# Evaluation data creation tutorial

## Overview
For the evaluation of RAGs we need data, but in most cases we have little or no satisfactory data.

However, since the advent of LLM, creating synthetic data has become one of the good solutions to this problem.

The following guide covers how to use LLM to create data in a form that AutoRAG can use.

---
![Data Creation](../../_static/data_creation.png)

## 1. Parse
You can make different parsing results from the raw data using the parsing YAML file.
The sample parsing YAML file looks like this.

```yaml
modules:
  - module_type: langchain_parse
    parse_method: [pdfminer, pdfplumber]
```

With this YAML file, you can get the parsed data with pdfminer and pdfplumber.

You can execute this parsing YAML file by using the following code.

```python
from autorag.parser import Parser

filepaths = "./data/*.pdf"
parser = Parser(filepaths, "./parse_project_dir")
parser.start_parsing("./parsing.yaml")
```

Then you can check out the parsing result in the `./parse_project_dir` directory.

For more details about parsing, please refer [here](./parse/parse.md).

## 2. QA Creation

From the parsed results, you can select the best parsed data for AutoRAG.
After you selected, you can create QA data for the AutoRAG.

The example is shown below, the `initial_raw_df` is selected raw data.

```python
from llama_index.llms.openai import OpenAI

from autorag.data.beta.filter.dontknow import dontknow_filter_rule_based
from autorag.data.beta.generation_gt.llama_index_gen_gt import (
	make_basic_gen_gt,
	make_concise_gen_gt,
)
from autorag.data.beta.query.llama_gen_query import factoid_query_gen
from autorag.data.beta.sample import random_single_hop
from autorag.data.beta.schema import Raw

initial_raw = Raw(initial_raw_df)
initial_corpus = initial_raw.chunk(
    "llama_index_chunk", chunk_method="token", chunk_size=128, chunk_overlap=5
)
llm = OpenAI()
initial_qa = (
    initial_corpus.sample(random_single_hop, n=3)
    .map(
        lambda df: df.reset_index(drop=True),
    )
    .make_retrieval_gt_contents()
    .batch_apply(
        factoid_query_gen,
        llm=llm,
    )
    .batch_apply(
        make_basic_gen_gt,
        llm=llm,
    )
    .batch_apply(
        make_concise_gen_gt,
        llm=llm,
    )
    .filter(
        dontknow_filter_rule_based,
        lang="en",
    )
)
initial_qa.to_parquet("./initial_qa.parquet", "./initial_corpus.parquet")
```

We recommend you find the optimal pipeline first from this initial data.
Check out [here](../../tutorial.md) to see the optimization tutorial.

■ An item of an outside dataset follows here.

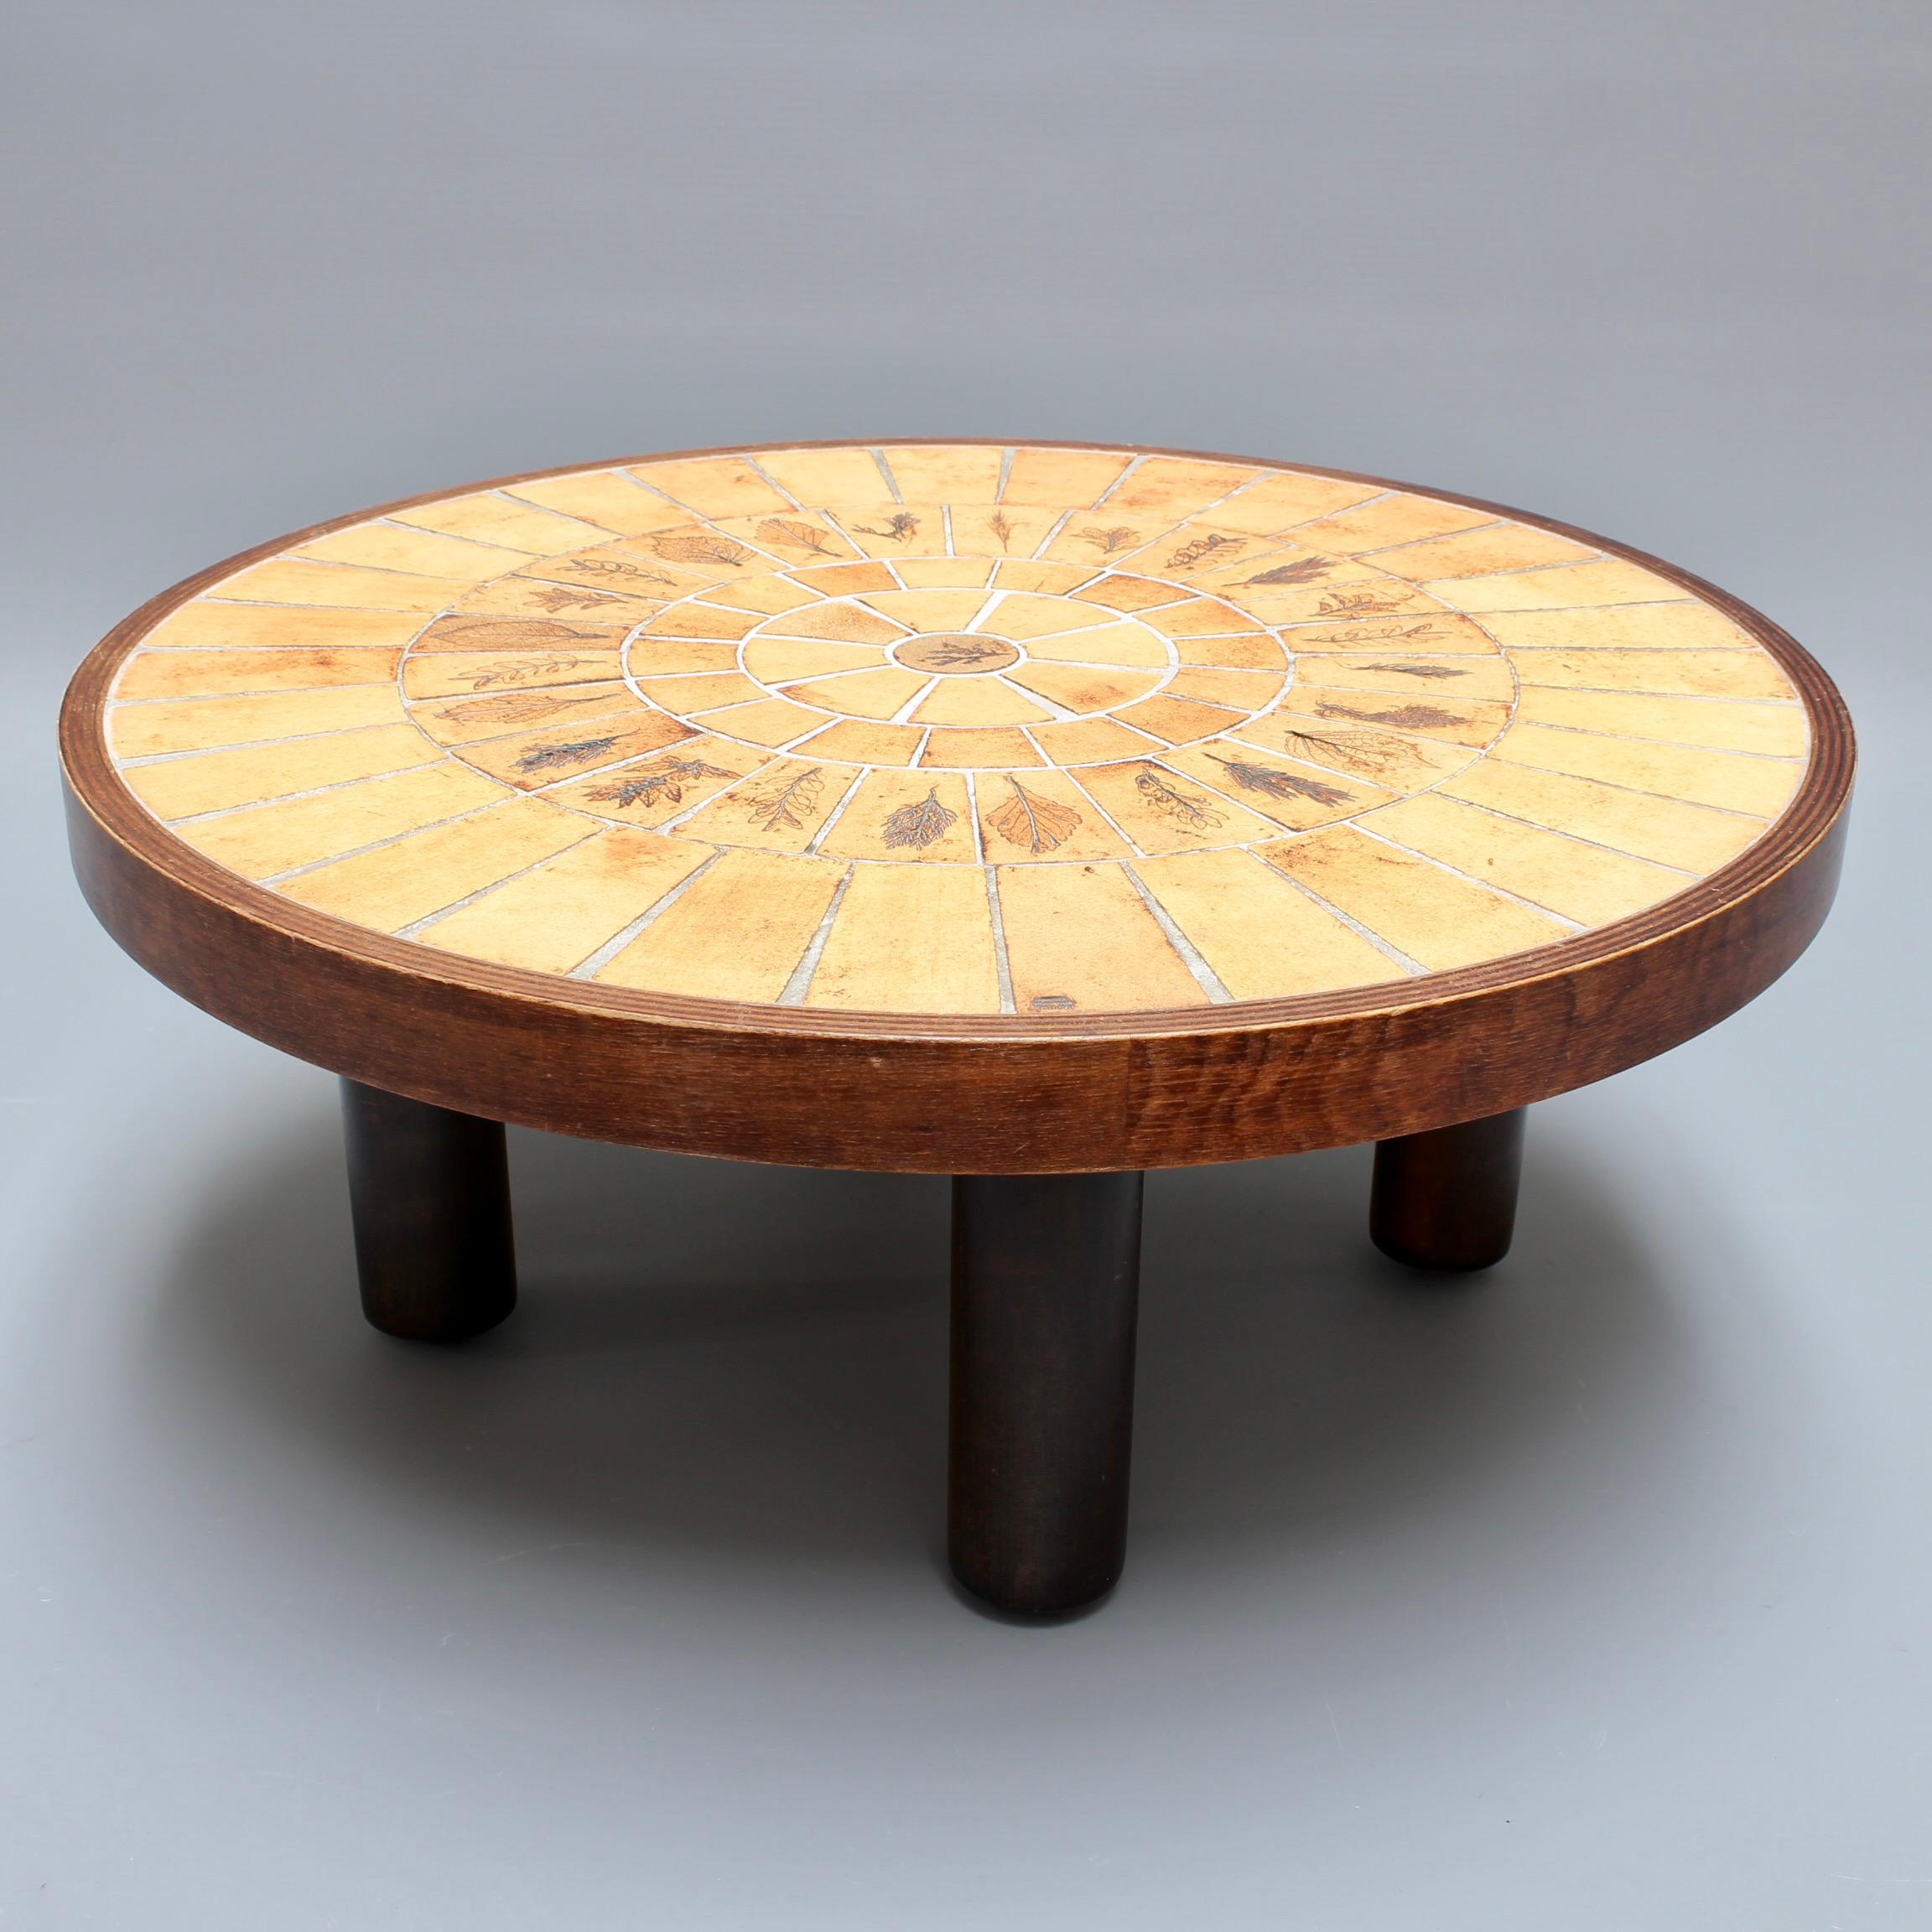 Coffee table with leaf motif earthenware tiles by Roger Capron (circa 1970s). This charming round table is a quintessential example of collectible Capron. There are nature-themed tiles with a variety of beautiful leaves impressed into the

## 3. Chunking Optimization

After finding the initial optimal pipeline, this time you are to optimize the chunking method.
First, you can create various chunking results from the parsed data.

The chunking YAML file looks like this.

```yaml
modules:
  - module_type: llama_index_chunk
    chunk_method: [ Token, Sentence ]
    chunk_size: [ 1024, 512 ]
    chunk_overlap: 24
    add_file_name: english
  - module_type: llama_index_chunk
    chunk_method: [ SentenceWindow ]
    sentence_splitter: kiwi
    window_size: 3
    add_file_name: english
```

With this YAML file, you can get the chunked data with Token, Sentence, and SentenceWindow with different chunk sizes.

You can execute this chunking YAML file by using the following code.

```python
from autorag.chunker import Chunker

chunker = Chunker.from_parquet("./initial_raw.parquet", "./chunk_project_dir")
chunker.start_chunking("./chunking.yaml")
```

Then you can check out the chunking result in the `./chunk_project_dir` directory.

For more details about chunking, please refer [here](./chunk/chunk.md).

## 4. QA - Corpus mapping

For the chunking optimization, you can evaluate RAG performance with different corpus data.
You already have the optimal pipeline from the initial QA data,
so you can use this pipeline to evaluate the RAG performance with different corpus data.

Before that, you must update all qa data with the new corpus data.
It uses `update_corpus` method.

It is highly recommending you to keep the initial `QA` instance.
If not, you need to build `QA` instance again from the initial raw (parsed) data and corpus data.

```python
from autorag.data.beta.schema import Raw, Corpus, QA

raw = Raw(initial_raw_df)
corpus = Corpus(initial_corpus_df, raw)
qa = QA(initial_qa_df, corpus)

new_qa = qa.update_corpus(Corpus(new_corpus_df, raw))
```

Now `new_qa` have new `retrieval_gt` data for the new corpus.

Now with the new corpus data and new qa datas, you can evaluate the RAG performance with different corpus data.